Question: Are the clothes restrictive or supportive when doing physical work?

Answer: The clothes are supportive, and practical for 18th-century tasks. They are not restrictive, but do influence movement – for example, we find that we move more slowly in these than our 21st-century clothes. We reflected that on past occasions, our stays have prevented back injuries when working.

Question: Are the clothes uncomfortable?

Answer: No! All the clothes, including the stays, are comfortable to wear, it is just a different kind of comfort to 21st-century clothing. You are constantly aware of your clothes, but that’s all.

Question: Are you hot in that?

Answer: We always get asked this one! The weather was very hot during our weekend at Cowdray, but we were comfortable. The kitchen was cool (an appropriate environment for the things we made; butter for example would be made in dairies, which were kept cool), but we still had to go outside. We found that, providing we moved fairly slowly and kept out of the sun, we were comfortable. It also helped to be the right temperature when getting dressed, as the layers insulated us from the heat. If we did need to cool down, we opened our jackets or sat for a while.

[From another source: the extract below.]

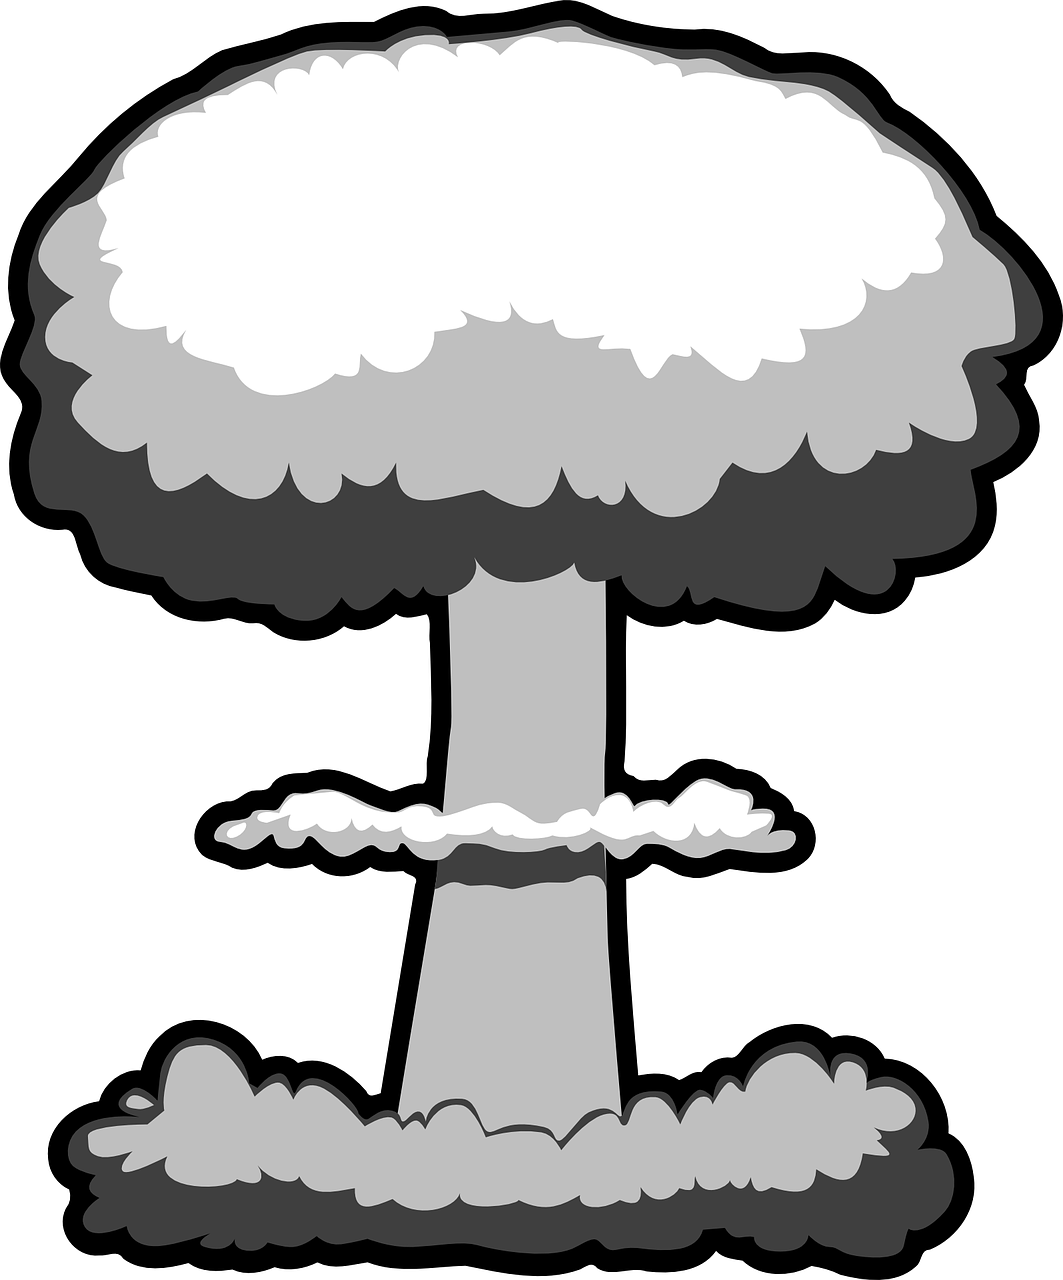 Explosion Clipart Mushroom Cloud Nuclear Explosion Clip Art
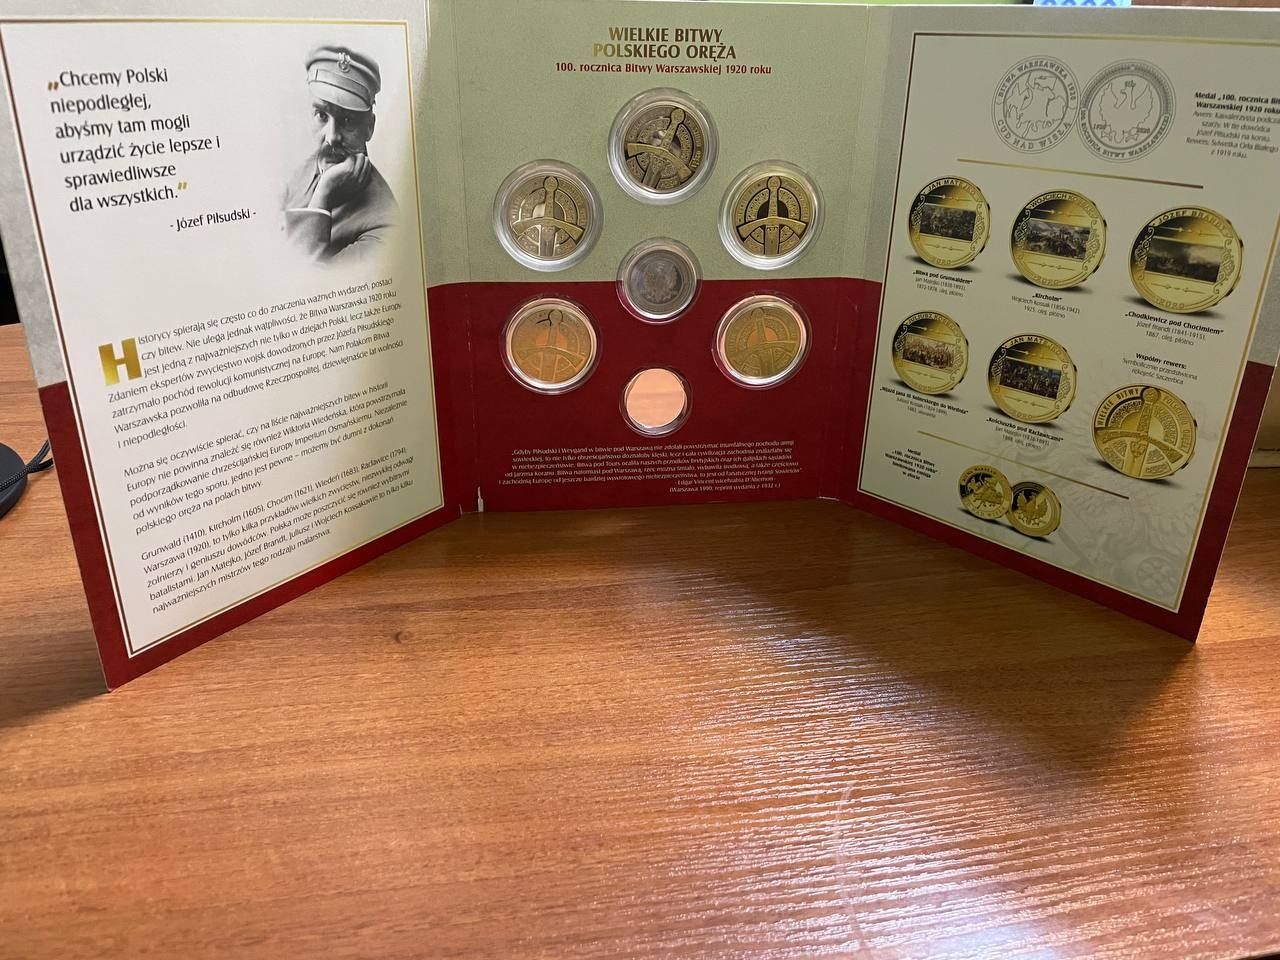 Kolekcja monet "Bitwa Polskiego Oręża"

Another important part of the weekend was the chance to advance an exciting part of the research project. Leather stays.

All women in the 18th-century wore stays. They were as essential as bras are today, and poor women were even given them by their parishes, so they could go out to work. Many working women wore stays made of leather, which were cheaper than pairs made of layers of fabric and boning. We wanted to know what these felt like, so we made some. At Cowdray, they were worn for the first time.

We discovered that the leather stays felt exactly the same as fabric-and-bone ones. They were not more or less restrictive or flexible, they did not rub, and had only a slight pressure point (they were made by leather-working novices!). Nor were they any hotter to wear.

It may not sound like much, but the information we gathered at Cowdray is very valuable to Charlotte’s research, and to our understanding of the daily lived-experience of 18th-century women. We also enjoyed our time, and are very grateful for the chance to come and use the wonderful kitchen. Thank you to everyone who made this event happen.